By the end of this summer, the 30,000 U.S. troops "surged" into Afghanistan by President Barack Obama's administration will have returned home. And according to Defense Secretary Leon Panetta, the remaining 68,000 American soldiers could end their combat role in Afghanistan by mid-2013, more than a year ahead of the White House's deadline for leaving the country.

America's war in Afghanistan is by no means over, but its end has already begun. That reality is clear to all Afghan factional chiefs and power brokers, who are preparing for the transition to a post-American Afghanistan. As Afghanistan's alliances and power dynamics shift, the risk of cvil, ethnic conflict breaking out in the country rises -- endangering not only Afghans, but their Pakistani neighbors as well. And ironically, talk of peace and a U.S. withdrawal is contributing to a widening gap between key Afghan factions, which, if not properly contained, could lead to a renewed civil war.
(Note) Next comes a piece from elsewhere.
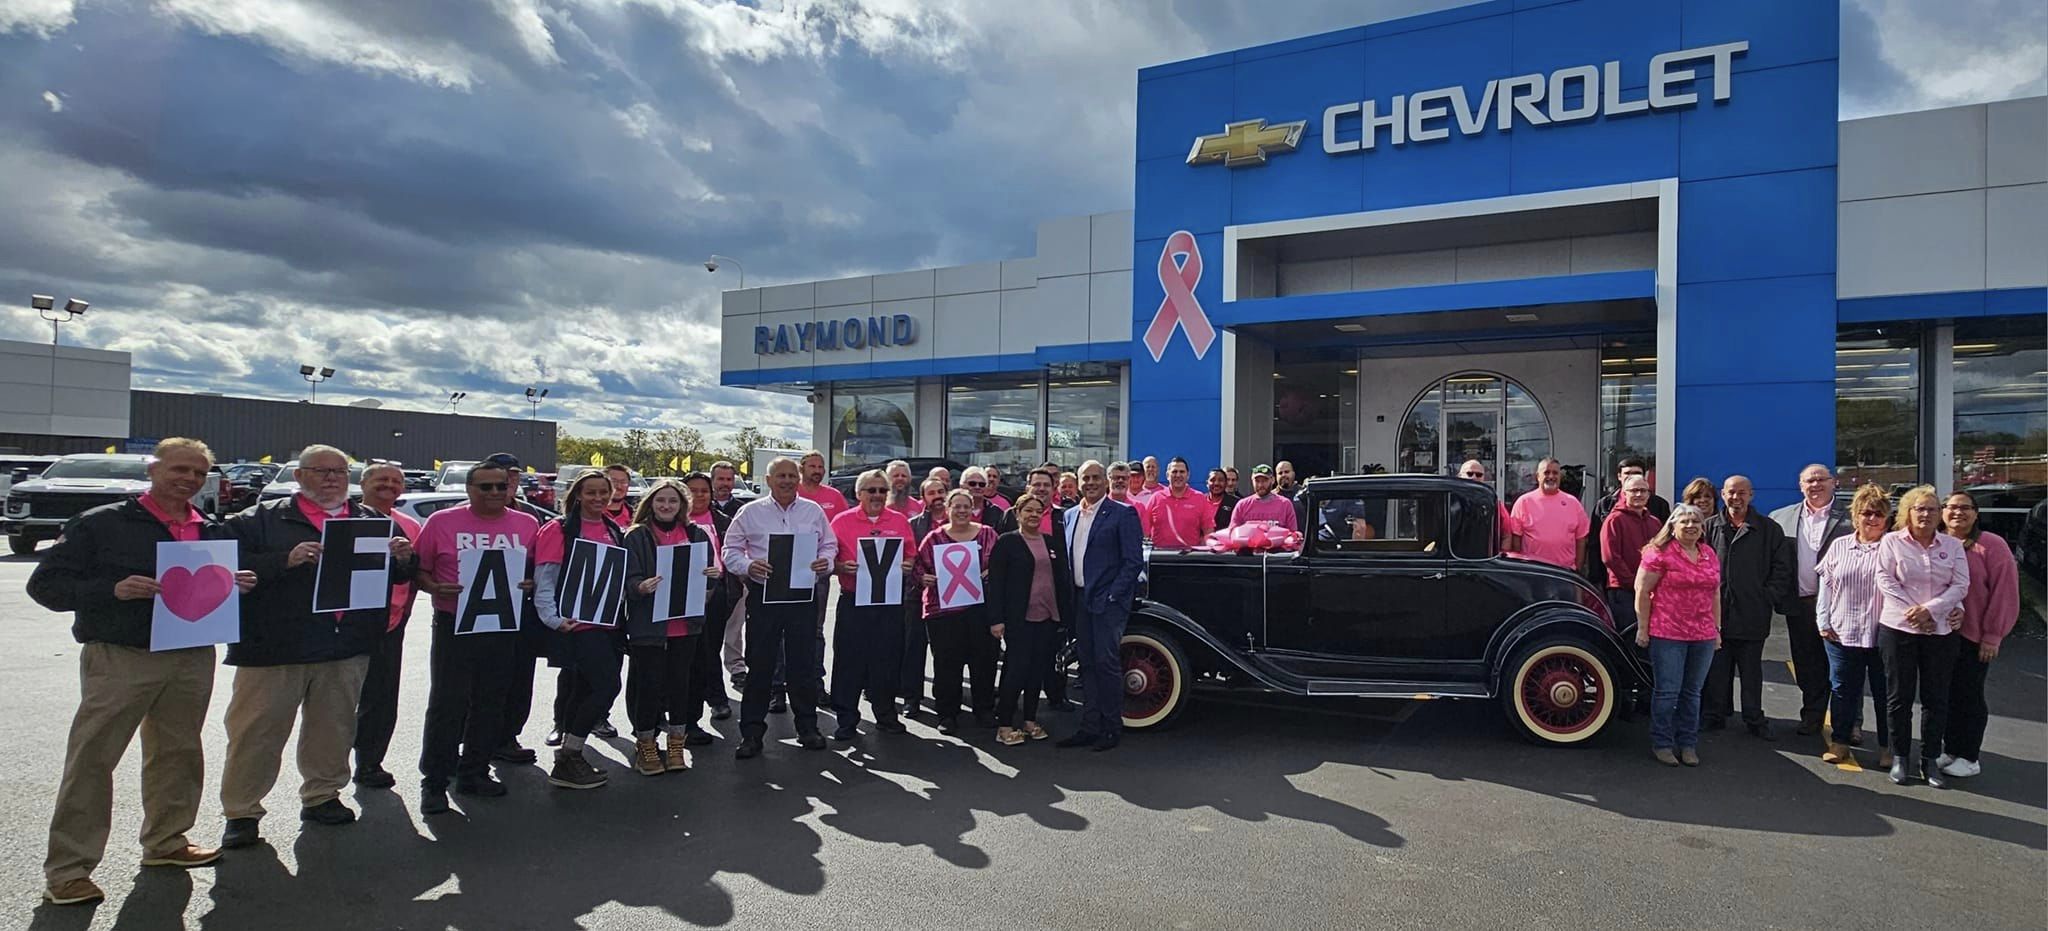 Raymond Chevrolet Breast Cancer Awareness

President Hamid Karzai's intentions remain one potential source of instability looming in Afghanistan's future. Karzai has said that he will retire from public office in 2014, but many Afghans believe he will remain in power through unconventional or extra-constitutional measures. The president reportedly supported U.S. plans to accelerate the withdrawal by a year, lending weight to the theory that he is looking for greater maneuverability to prolong his rule.
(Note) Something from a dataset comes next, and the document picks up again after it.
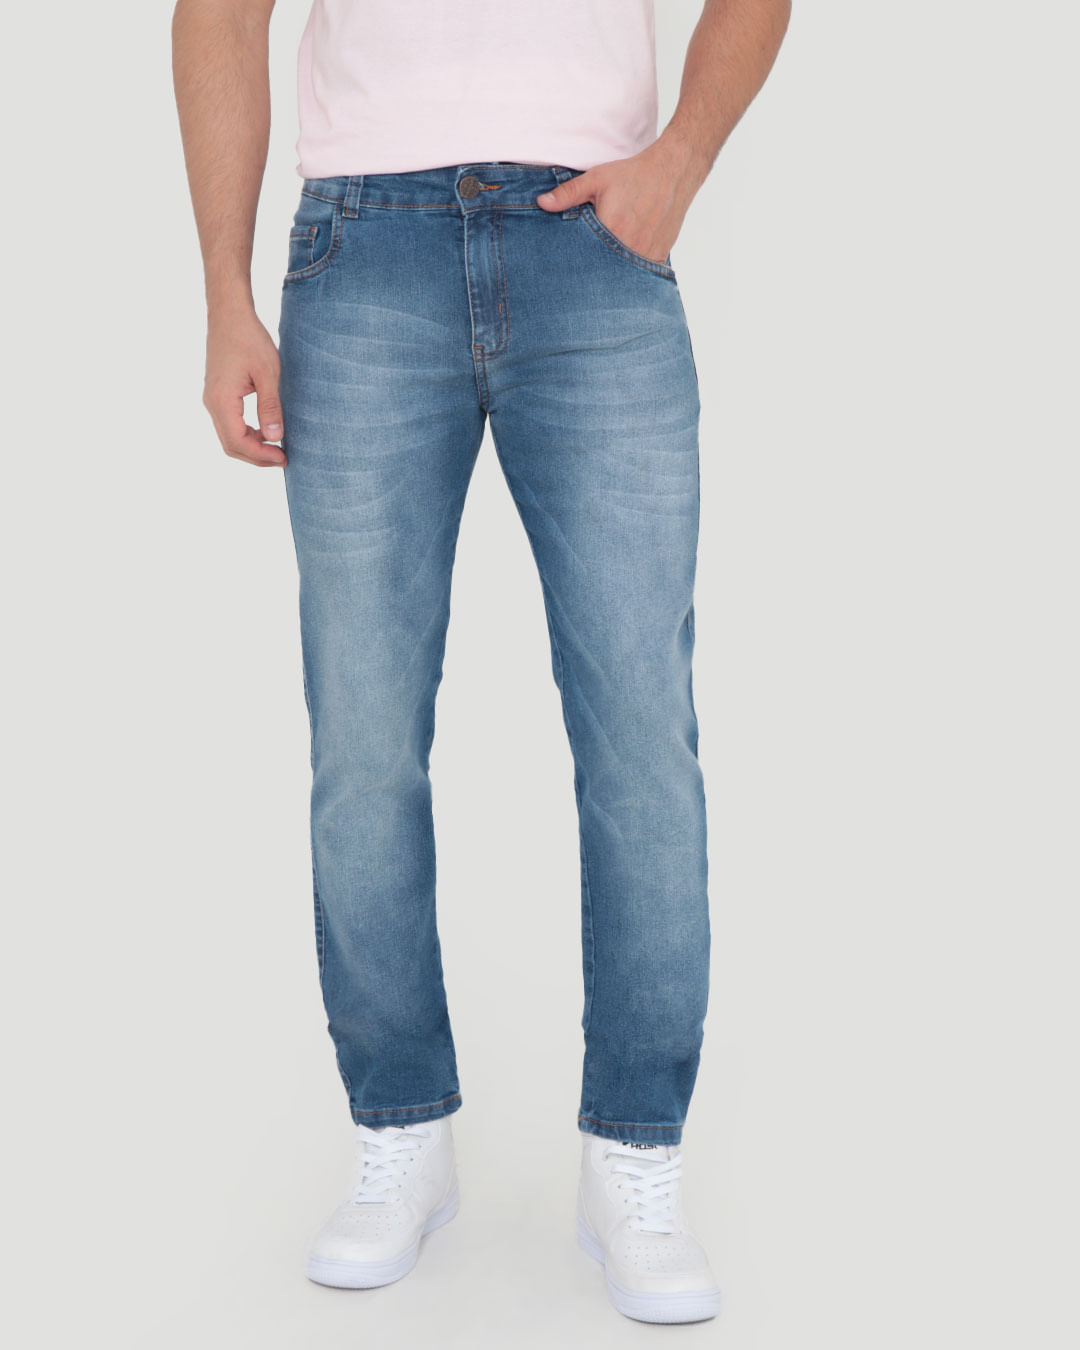 23121000988045-blue-jeans-medio-1

If Karzai steps down, his replacement -- should one not come from his own family -- is likely to adopt a more hostile approach toward the Taliban, increasing the odds that the insurgency will fester. Abdullah Abdullah, who came in second in the rigged 2009 elections and could throw his hat in the ring once again, is a major Taliban opponent. But if Karzai seeks to stick around, doing so will be no cakewalk. Karzai will face stiff resistance from both a parliament that increasingly demands an expansion of its oversight powers and a rejuvenated political opposition, the National Front for Afghanistan (NFA).

The NFA is a bloc of leaders from three major non-Pashtun communities -- the Tajiks, Uzbeks, and Hazara -- all of whom opposed the Taliban and Pakistan during the 1990s and remain hostile to both. As Karzai apparently seeks to hold on to executive power, the NFA is pushing for an overhaul of the country's political system. It advocates restructuring Afghanistan as a parliamentary democracy with proportional representation and locally-devolved power -- both of which would benefit non-Pashtuns.
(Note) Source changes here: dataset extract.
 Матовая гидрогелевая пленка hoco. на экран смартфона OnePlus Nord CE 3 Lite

Karzai, an ethnic Pashtun, seeks a political settlement with the three major insurgent factions -- all Pashtuns as well -- led by Mullah Muhammad Omar's Afghan Taliban. But the NFA, as well as a large bloc of parliamentarians from a diverse assortment of ethnic groups and political parties, are hostile to talks with the Taliban, and will at the very least demand a meaningful role in the peace process.

That remains difficult to imagine, as few Afghans aside from the insurgents remain involved in the peace talks. The most promising dialogue track has so far taken place outside of Afghanistan and involves the Afghan Taliban and the governments of Germany, Qatar, and the United States. The location of the Taliban's new office in Qatar was decided against the wishes of the Afghan government, which wanted the office to be in Ankara or Riyadh.

Karzai himself remains minimally involved in the talks and is trying to set up his own negotiations with the Taliban in Saudi Arabia. However, neither the Saudis nor the Taliban are keen on participating. The Saudis have distrusted the Taliban ever since it refused to hand over Osama bin Laden; they will engage the militant group only when it formally breaks ties with al Qaeda. The Taliban, meanwhile, want to cut out Karzai and engage directly with the United States to increase their negotiating leverage.

Karzai faces a difficult balancing act: He must first insert himself into a peace process the Taliban want him to have no part in, and then somehow manage to maintain ties with both the Pashtun Taliban and the non-Pashtun NFA. In any negotiations, the Taliban will undoubtedly push for greater implementation of Islamic law. But members of the NFA, female parliamentarians, and religious minorities such as the Hazara Shiites will resist what they will view as a possible reversion to second-class status.

Building trust between the NFA and the Taliban is key to a lasting political settlement in Afghanistan, but it will be no easy task. The Taliban believe that the NFA seeks a soft partition of the country under the guise of federalism, describing the group's leadership as "infamous warlords." And it is a giant and improbable leap for the Taliban to go from advocating the reestablishment of an authoritarian Islamic emirate to accepting the NFA's demand for a parliamentary democracy.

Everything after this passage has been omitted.